Rich Westman is the CEO and founder of Birmingham-based digital health company Kaido. Kaido supports businesses to make health and wellbeing an integral part of their culture, and works with clients such as Transport for London, KPMG, and the NHS. Prior to founding Kaido, Rich worked as a sport scientist, supporting professional athletes from Worcester Warriors, Leicester Tigers and the LTA with their fitness and conditioning.
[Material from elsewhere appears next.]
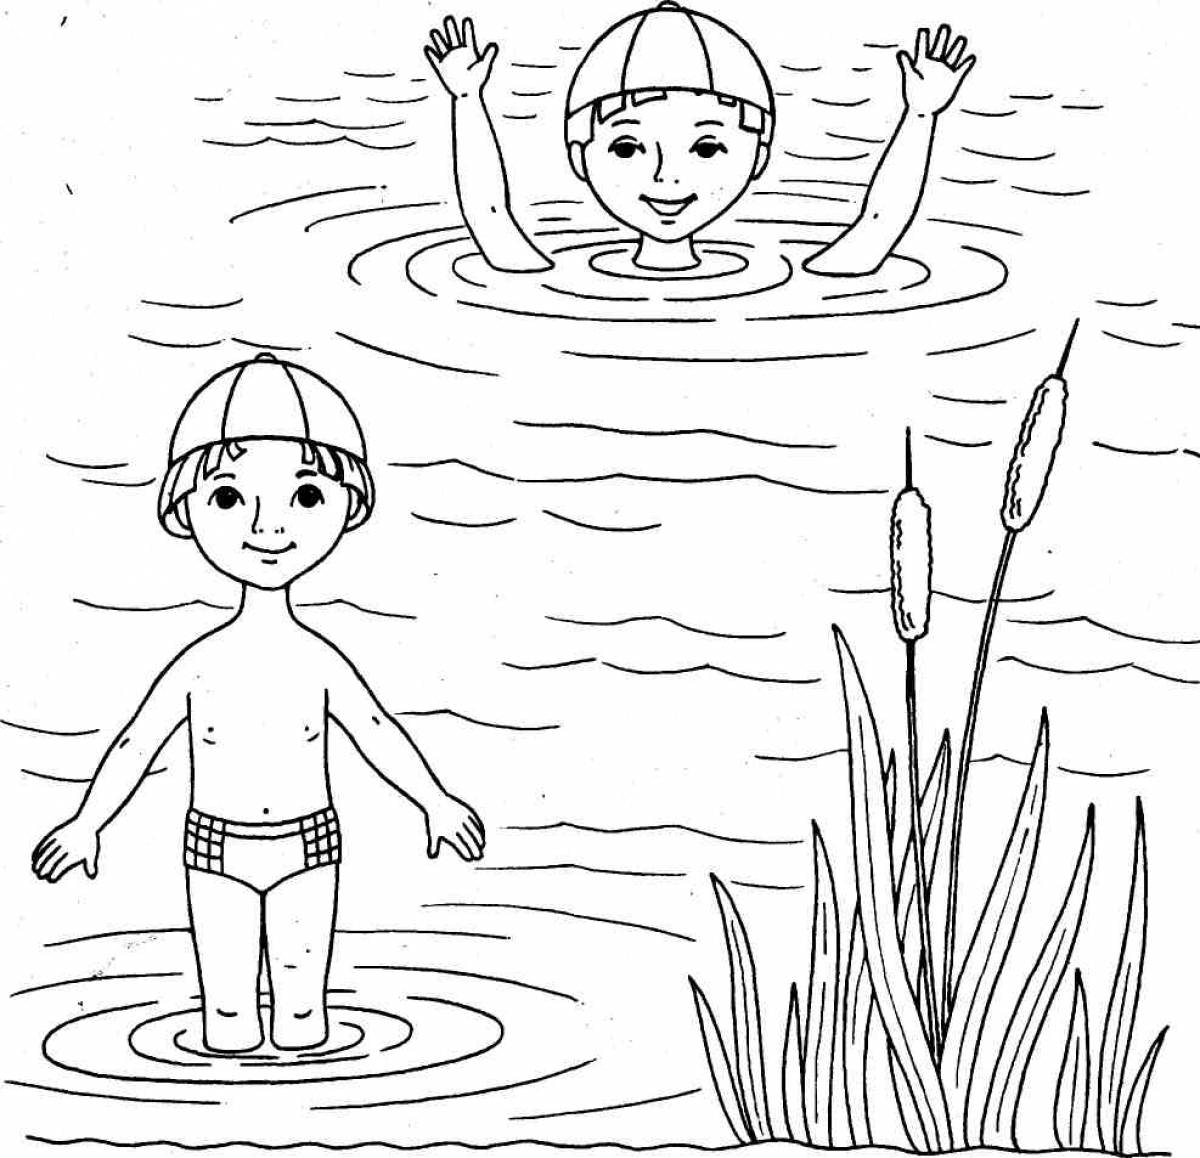 Дети на пруду

In 2019, Rich was the Technology and Innovation category winner at the Birmingham Young Professional of the Year (BYPY) awards.

About Bruntwood SciTech

Bruntwood SciTech is the UK’s leading developer of innovation districts, creating the environments and ecosystems for science and technology businesses to form, scale and grow.

A 50:50 joint venture between leading property company Bruntwood and Legal & General, Bruntwood SciTech provides high quality office and laboratory space and tailored business support, offering unrivalled access to finance, talent and markets, an extensive clinical, academic and public partner network and a sector-specialist community of over 500 companies.

Bruntwood SciTech has a portfolio of over 1.8m sq ft including Alderley Park in Cheshire, Platform in Leeds, Innovation Birmingham, a cluster in the heart of Manchester’s Oxford Road Corridor innovation district, Manchester Science Park, Citylabs 1.0 & 2.0 part of the Manchester University NHS Foundation Trust (MFT) campus and Circle Square – a joint venture with Vita Group and a development pipeline of 850,000 sq ft which includes Birmingham Health Innovation Campus.